* [Assigned task] Using the entries below, write out the line with "Aerial Photo of Women Lying on Ground", the line with "Pictures Of Corvettes", and every line in between, exactly as each is written.
╭─ Data in this exercise
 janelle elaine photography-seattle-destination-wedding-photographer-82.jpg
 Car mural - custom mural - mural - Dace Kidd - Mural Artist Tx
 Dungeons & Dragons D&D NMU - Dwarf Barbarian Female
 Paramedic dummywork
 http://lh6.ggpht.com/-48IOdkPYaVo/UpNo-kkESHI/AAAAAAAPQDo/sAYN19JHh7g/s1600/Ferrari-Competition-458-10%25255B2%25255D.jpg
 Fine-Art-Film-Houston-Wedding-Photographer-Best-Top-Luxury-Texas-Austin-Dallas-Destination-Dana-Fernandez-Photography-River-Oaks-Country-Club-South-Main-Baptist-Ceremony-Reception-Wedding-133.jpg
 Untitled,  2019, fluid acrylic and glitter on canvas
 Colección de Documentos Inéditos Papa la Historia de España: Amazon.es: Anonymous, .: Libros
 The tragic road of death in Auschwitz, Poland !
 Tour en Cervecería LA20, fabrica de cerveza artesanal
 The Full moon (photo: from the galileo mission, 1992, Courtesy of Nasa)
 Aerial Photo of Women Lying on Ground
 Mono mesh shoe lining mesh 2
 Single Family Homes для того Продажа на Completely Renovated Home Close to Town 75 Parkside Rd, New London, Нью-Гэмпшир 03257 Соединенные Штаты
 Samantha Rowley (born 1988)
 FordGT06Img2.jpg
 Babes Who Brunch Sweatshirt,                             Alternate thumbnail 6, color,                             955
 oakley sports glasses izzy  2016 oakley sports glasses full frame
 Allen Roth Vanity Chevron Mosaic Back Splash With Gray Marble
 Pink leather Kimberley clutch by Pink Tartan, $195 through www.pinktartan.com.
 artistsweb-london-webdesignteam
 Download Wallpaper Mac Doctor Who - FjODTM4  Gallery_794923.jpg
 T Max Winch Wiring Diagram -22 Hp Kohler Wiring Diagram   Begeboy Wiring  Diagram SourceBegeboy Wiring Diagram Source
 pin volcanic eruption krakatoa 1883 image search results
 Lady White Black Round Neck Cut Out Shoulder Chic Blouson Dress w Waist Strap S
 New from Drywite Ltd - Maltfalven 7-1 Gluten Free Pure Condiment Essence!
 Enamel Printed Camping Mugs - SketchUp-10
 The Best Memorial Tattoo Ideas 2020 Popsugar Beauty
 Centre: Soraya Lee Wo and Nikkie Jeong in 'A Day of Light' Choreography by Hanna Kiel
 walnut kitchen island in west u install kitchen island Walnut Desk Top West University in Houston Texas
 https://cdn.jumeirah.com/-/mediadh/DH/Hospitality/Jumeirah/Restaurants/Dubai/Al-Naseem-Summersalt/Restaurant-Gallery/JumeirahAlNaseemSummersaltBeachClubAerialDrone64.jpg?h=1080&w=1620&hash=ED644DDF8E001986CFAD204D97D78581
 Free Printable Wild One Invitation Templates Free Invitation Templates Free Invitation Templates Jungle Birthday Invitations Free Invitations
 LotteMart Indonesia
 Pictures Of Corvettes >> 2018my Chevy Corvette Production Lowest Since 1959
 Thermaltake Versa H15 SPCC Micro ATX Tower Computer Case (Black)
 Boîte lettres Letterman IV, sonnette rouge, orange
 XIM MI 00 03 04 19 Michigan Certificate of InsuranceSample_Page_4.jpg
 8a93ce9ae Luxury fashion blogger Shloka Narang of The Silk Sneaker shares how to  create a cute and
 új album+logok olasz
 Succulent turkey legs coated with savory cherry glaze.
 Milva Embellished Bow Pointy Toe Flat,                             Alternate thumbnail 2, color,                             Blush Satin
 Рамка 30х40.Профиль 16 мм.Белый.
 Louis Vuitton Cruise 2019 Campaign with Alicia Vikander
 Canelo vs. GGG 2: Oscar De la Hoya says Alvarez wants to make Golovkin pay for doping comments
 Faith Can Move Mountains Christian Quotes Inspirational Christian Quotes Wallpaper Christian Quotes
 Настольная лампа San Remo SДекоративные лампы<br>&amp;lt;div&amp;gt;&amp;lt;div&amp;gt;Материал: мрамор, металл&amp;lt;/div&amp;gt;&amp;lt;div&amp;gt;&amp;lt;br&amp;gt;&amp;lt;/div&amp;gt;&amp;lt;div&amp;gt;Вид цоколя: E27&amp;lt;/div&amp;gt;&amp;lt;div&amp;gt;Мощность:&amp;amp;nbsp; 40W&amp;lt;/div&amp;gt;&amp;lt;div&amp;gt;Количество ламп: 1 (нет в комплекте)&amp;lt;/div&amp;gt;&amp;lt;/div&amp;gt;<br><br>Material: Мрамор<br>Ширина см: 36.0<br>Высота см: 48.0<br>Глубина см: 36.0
╰─
* [Output below]
 Aerial Photo of Women Lying on Ground
 Mono mesh shoe lining mesh 2
 Single Family Homes для того Продажа на Completely Renovated Home Close to Town 75 Parkside Rd, New London, Нью-Гэмпшир 03257 Соединенные Штаты
 Samantha Rowley (born 1988)
 FordGT06Img2.jpg
 Babes Who Brunch Sweatshirt,                             Alternate thumbnail 6, color,                             955
 oakley sports glasses izzy  2016 oakley sports glasses full frame
 Allen Roth Vanity Chevron Mosaic Back Splash With Gray Marble
 Pink leather Kimberley clutch by Pink Tartan, $195 through www.pinktartan.com.
 artistsweb-london-webdesignteam
 Download Wallpaper Mac Doctor Who - FjODTM4  Gallery_794923.jpg
 T Max Winch Wiring Diagram -22 Hp Kohler Wiring Diagram   Begeboy Wiring  Diagram SourceBegeboy Wiring Diagram Source
 pin volcanic eruption krakatoa 1883 image search results
 Lady White Black Round Neck Cut Out Shoulder Chic Blouson Dress w Waist Strap S
 New from Drywite Ltd - Maltfalven 7-1 Gluten Free Pure Condiment Essence!
 Enamel Printed Camping Mugs - SketchUp-10
 The Best Memorial Tattoo Ideas 2020 Popsugar Beauty
 Centre: Soraya Lee Wo and Nikkie Jeong in 'A Day of Light' Choreography by Hanna Kiel
 walnut kitchen island in west u install kitchen island Walnut Desk Top West University in Houston Texas
 https://cdn.jumeirah.com/-/mediadh/DH/Hospitality/Jumeirah/Restaurants/Dubai/Al-Naseem-Summersalt/Restaurant-Gallery/JumeirahAlNaseemSummersaltBeachClubAerialDrone64.jpg?h=1080&w=1620&hash=ED644DDF8E001986CFAD204D97D78581
 Free Printable Wild One Invitation Templates Free Invitation Templates Free Invitation Templates Jungle Birthday Invitations Free Invitations
 LotteMart Indonesia
 Pictures Of Corvettes >> 2018my Chevy Corvette Production Lowest Since 1959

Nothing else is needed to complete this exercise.